In an exclusive interview with the CNN, Macron said that he has “a very direct relationship” with Trump. “Trump is a person who has tried to fulfill his electoral promises, as I also try to fulfill my promises, and I respect the action that Trump made in this regard. But I think we can follow things better, due to our personal relationship and talks. For instance, Trump has decided to withdraw from the Iran pact, but at the end, he showed respect for the signatories’ decision to remain in the JCPOA.”

There are some key points in Macron’s remarks:

First, in 2017, the French were the first of the European signatories to try to change the JCPOA. They tried to force Iran to accept the following conditions: Inspection of military sites, application of the overtime limitation on nuclear activities, limiting regional activities, including missile capabilities within the framework of the JCPOA.

Macron had already made commitments to President Trump and Israel’s Prime Minister Benjamin Netanyahu to push Iran to accept the additional protocols to the deal, and he pushed to make it happen before Trump left the JCPOA.

Second, after the US withdrawal from the Iran nuclear deal, although France expressed regret, they had secret negotiations with US Secretary of State Mike Pompeo over the JCPOA.

The result of the undisclosed talks was deliberate delay on the part of the European authorities in providing a final package to keep the Iran deal alive. In other words, after the US unilaterally left the JCPOA, the French have been sloppy and maybe somewhat insincere about making the practical moves to ensure it would be saved.

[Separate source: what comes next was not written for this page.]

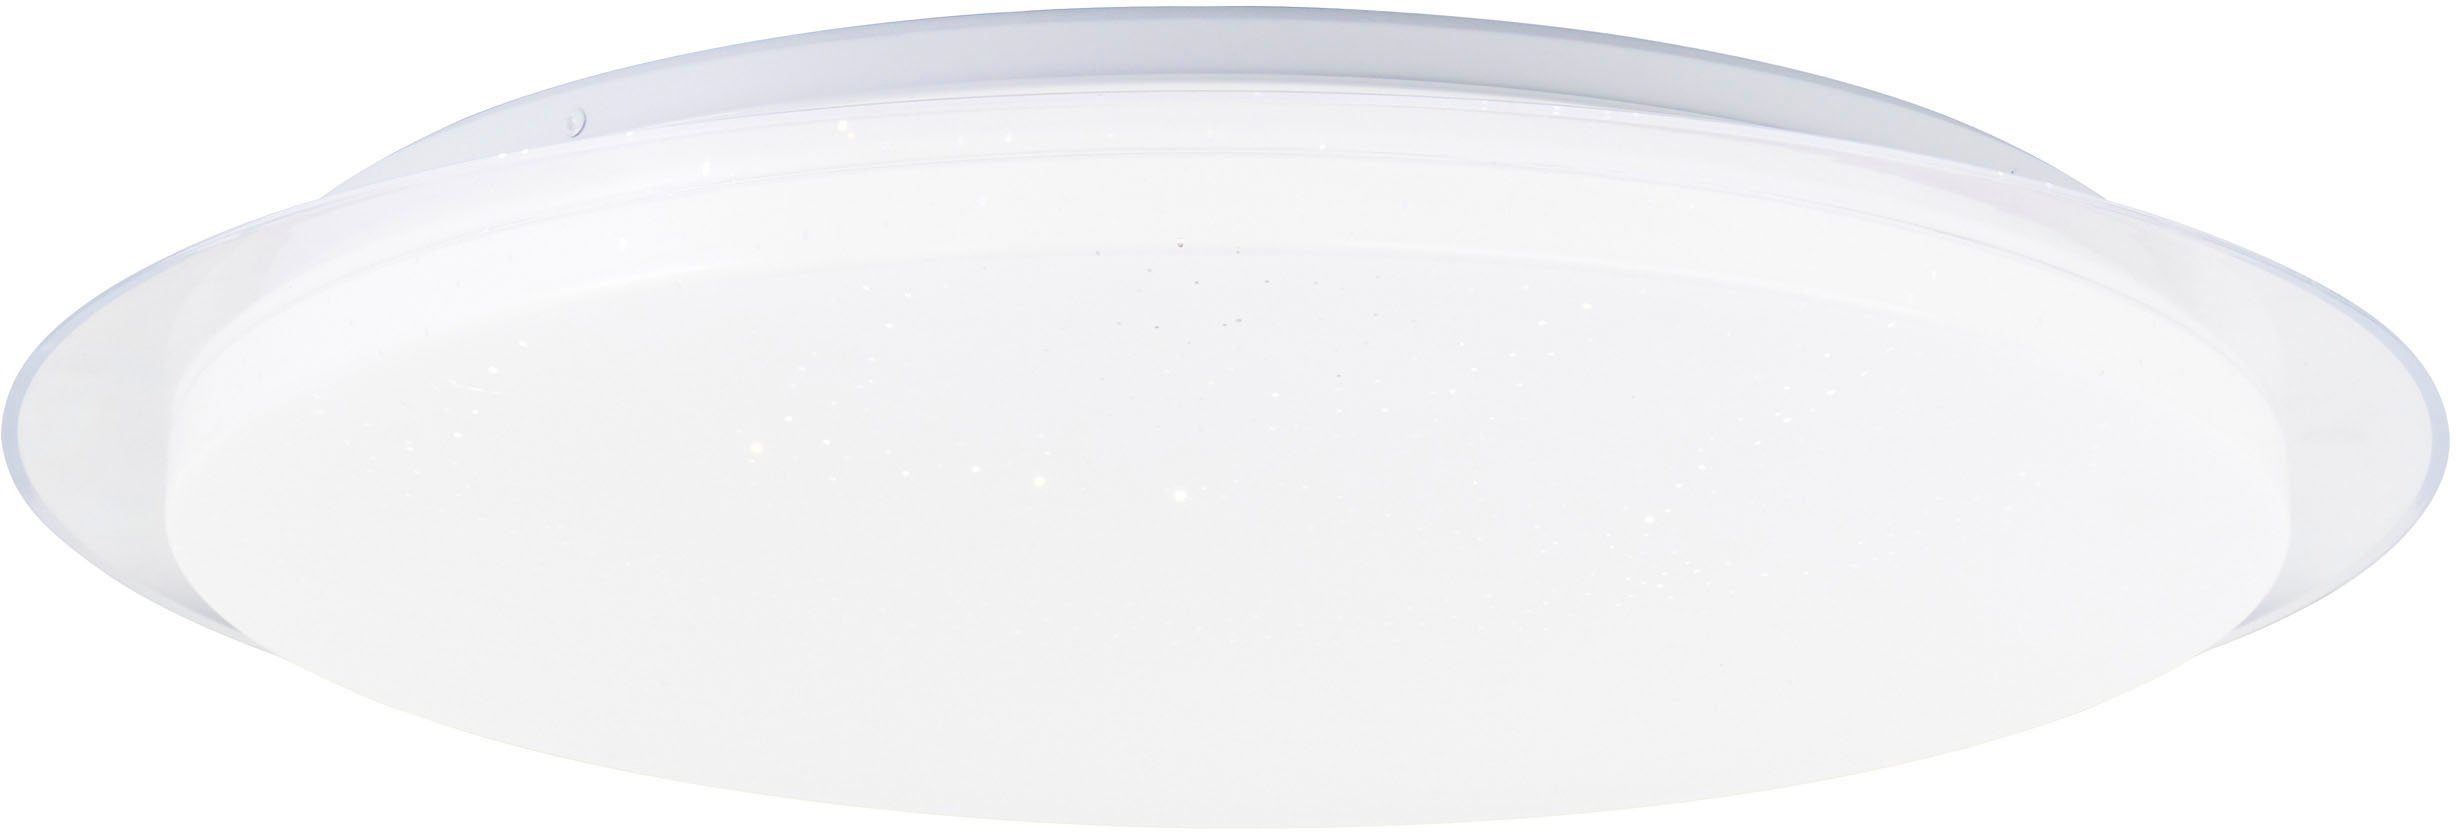 BreLight LED Wandleuchte Vittoria, CCT - über Fernbedienung, Dimmfunktion, Nachtlichtfunktion, Timerfunktion, LED fest integriert, warmweiß - kaltweiß, D 57 cm, 3800 lm, 3000-6500 K, CCT, dimmbar, weiß

Third, France has emphasized the need to strengthen their multilateralism in the international system and has become one of the pieces of the puzzle that completes the strategic posture of the Trump Administration in the West Asia region.

Obviously, French double standards have irritated European politicians, many of whom have disagreed with the contradictory games of French authorities towards the US and issues of multilateralism in the international community. Also, France’s isolation and its strategic leverage in the political arena has grown since the days of Sarkozy and Hollande. Some analysts thought that Macron and fresh policies would stop this trend, but it has not occurred.